Each LPA includes a Certificate of Capacity. This must be completed by an individual who has known the Donor for more than two years, or someone who has the necessary skills to assess (1) whether the Donor understands the purpose of the LPA and the scope of authority created under the document; (2) that no undue pressure or fraud has been used to induce the Donor to create the document and (3) that there is nothing else which would prevent the LPA from being validly created. It is feared (but accepted) that current EPAs are open to abuse as there are no safeguards to monitor Attorneys acting under an unregistered EPA and no way of compelling registration if the Donor's mental capacity wanes. However, the barriers to the completion of 24/25 page LPAs, which then require registration before use and a certificate of capacity on completion, may result in complexities (and costs) which are a hurdle too high for too many clients.
Under the MCA, capacity is person, time and decision specific (and indeed a Personal Welfare LPA can only be used in circumstances where the Donor lacks the requisite mental capacity to make the particular decision). The Act sets out five key principles (Sections 1-4 MCA), which underpin the legislation:
• A person must be presumed to have capacity unless it is established that they do not. There is no longer a blanket approach whereby a client of a certain age or with a particular diagnosis means that an individual lacks capacity.
• A person must not be treated as unable to make a decision unless all practicable steps have been taken to help them do so.
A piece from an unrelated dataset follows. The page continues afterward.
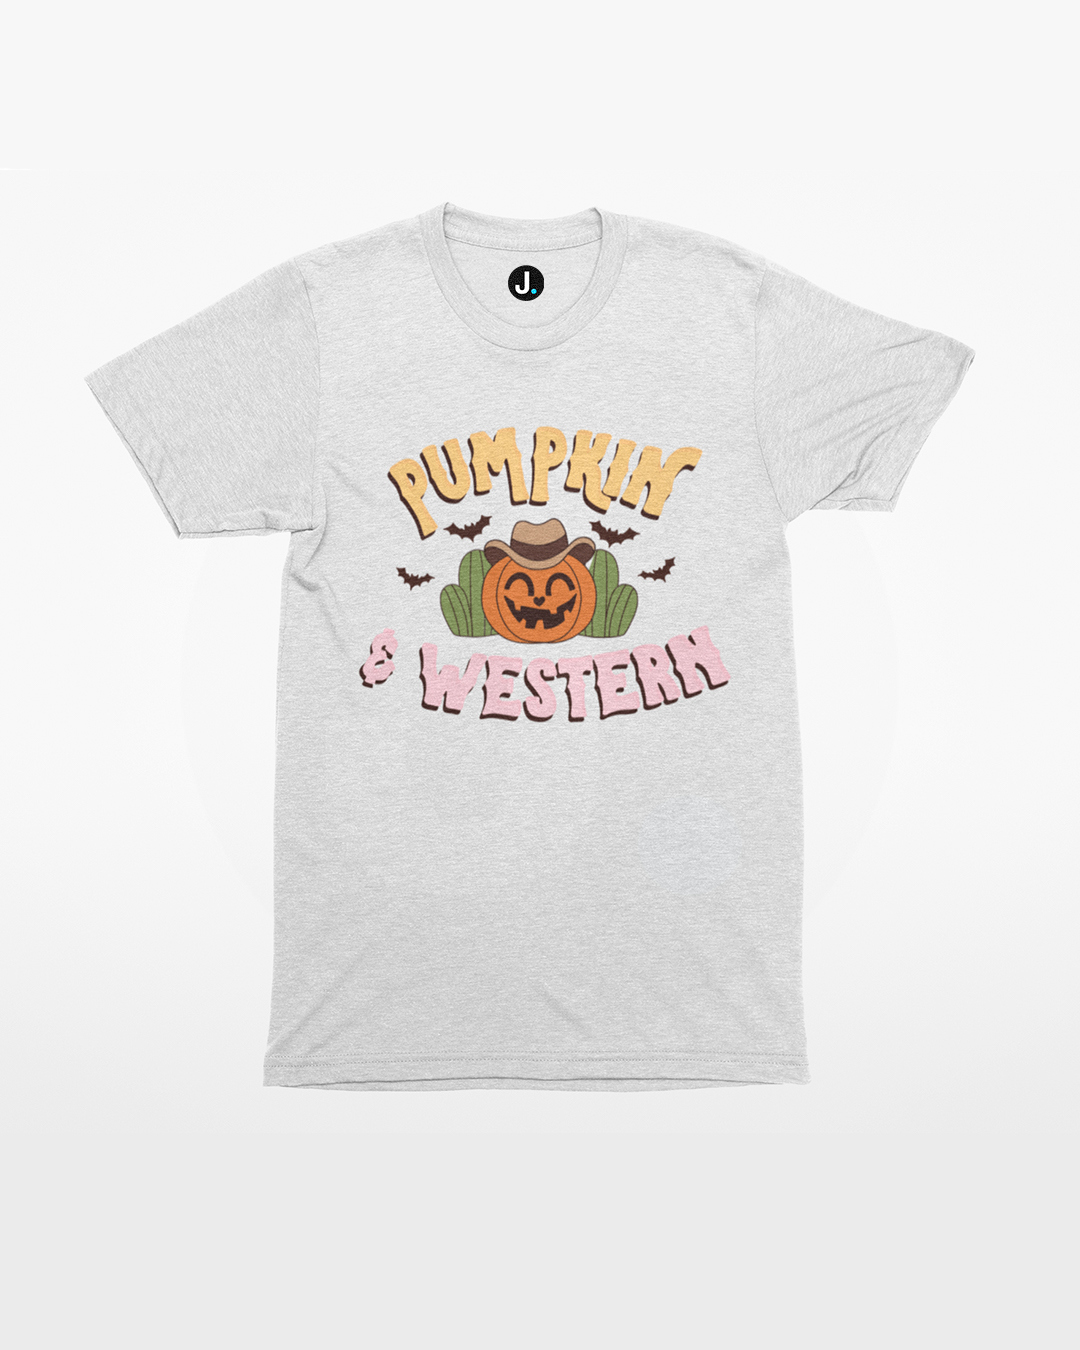 Pumpkin and Western T-Shirt - Halloween Country and Western T-Shirt - Pumpkin and Western Halloween T-Shirt
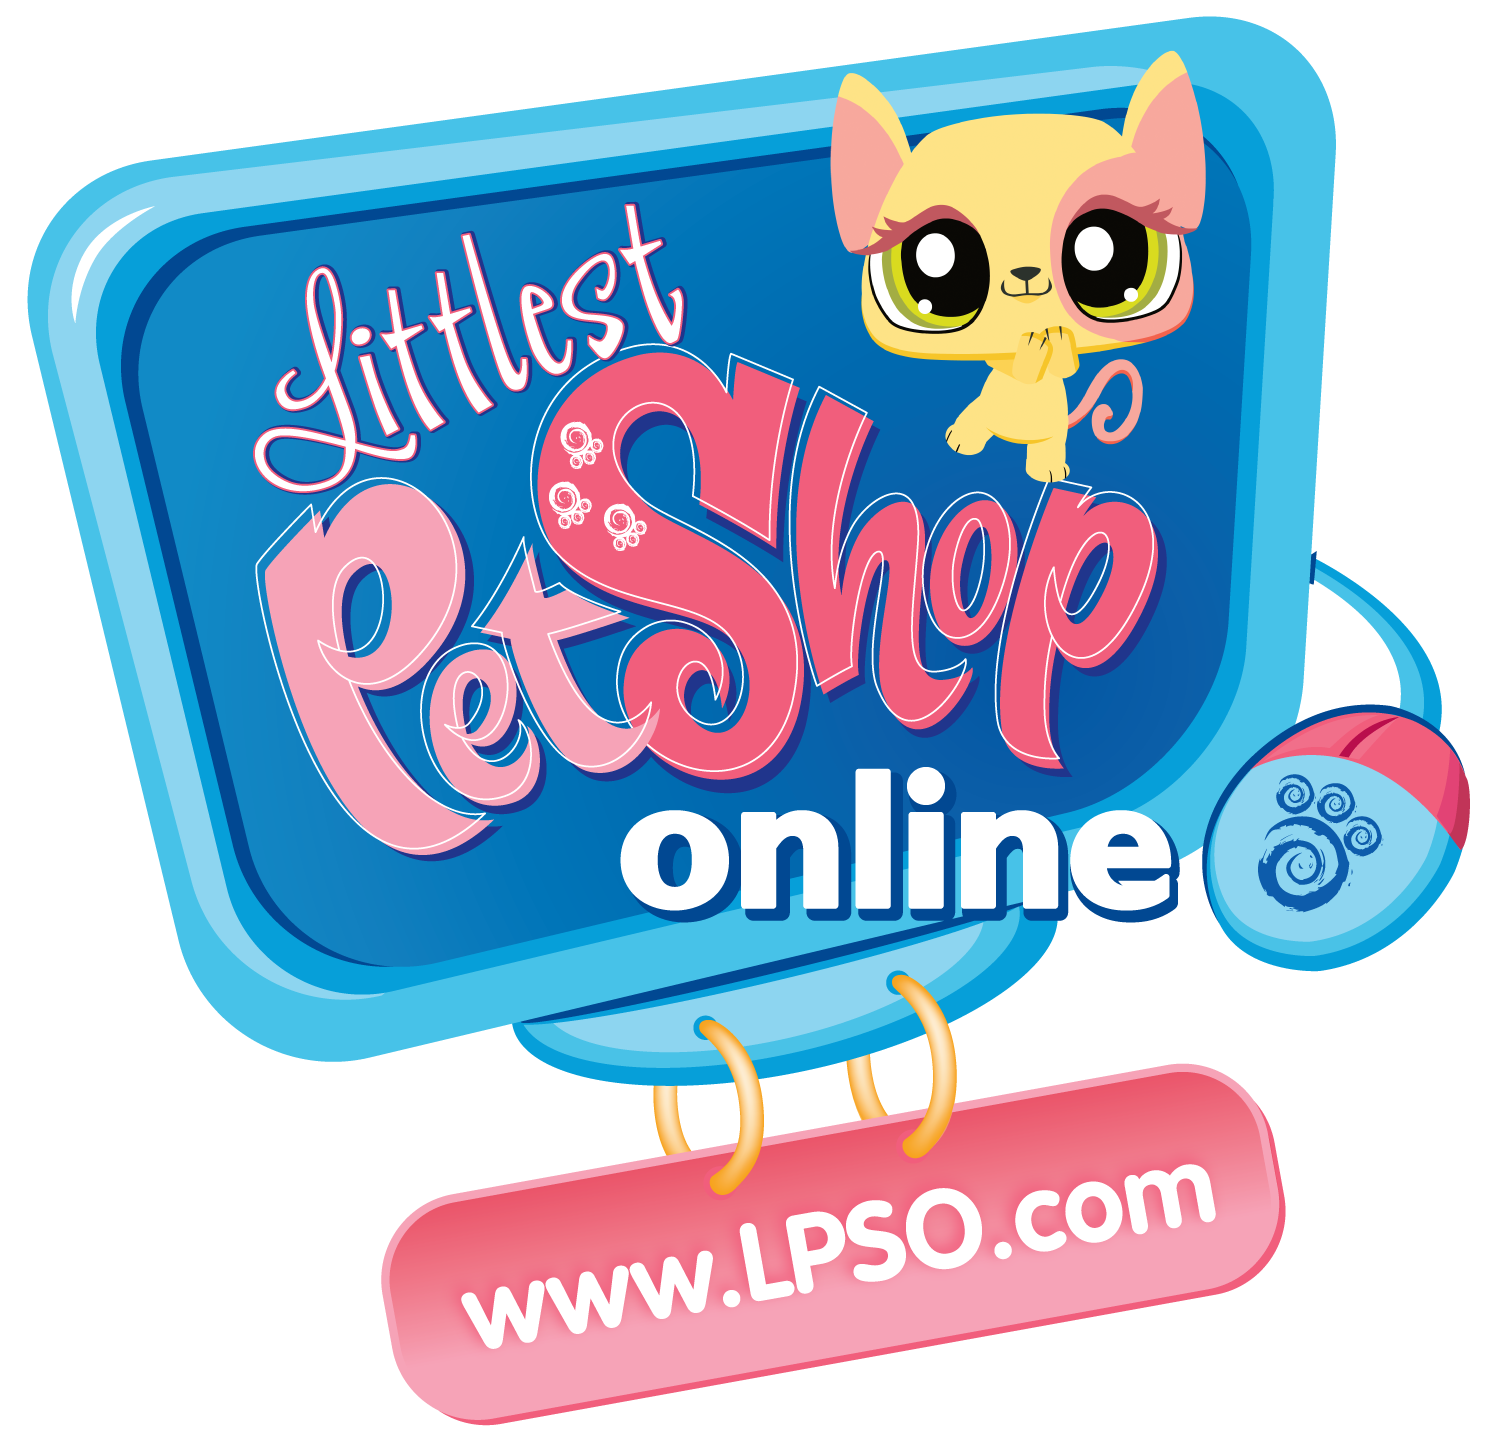 littlest pet shop online closed

Of course, what is reasonable will depend upon the decision to be made and the timescale within which the decision is required.
• A person must not be treated as unable to make a decision just because they make an unwise decision. We've all probably made one of those, and who decides what is 'unwise'?
If having presumed that the client has the requisite capacity to make the particular decision, used all practical steps to help them to achieve the necessary level of capacity and accepted that they may make an unwise decision if they have the capacity to do so — if the decision is to be made on their behalf it must be made in accordance with the final two principles:
• All decisions made on behalf of a person who lacks capacity must be made in their 'best interests'.
There is no definition of best interests within the legislation, but rather a minimum checklist which includes the need to ascertain what the client's past wishes, feelings and beliefs? How would they be most likely to arrive at a decision on this particular matter? What factors would influence their judgement?
• Finally, any decision made on behalf of an individual who lacks capacity must be the least restrictive option in terms of their rights and freedoms.
This taster of the challenges facing practitioners, seeks to emphasise how important it will be for us to understand the new landscape of mental capacity which we will be operating in. This will, as of 1st October 2007, give rise to the expectation that we will then be able to confidently navigate often vulnerable and elderly clients through the same minefield.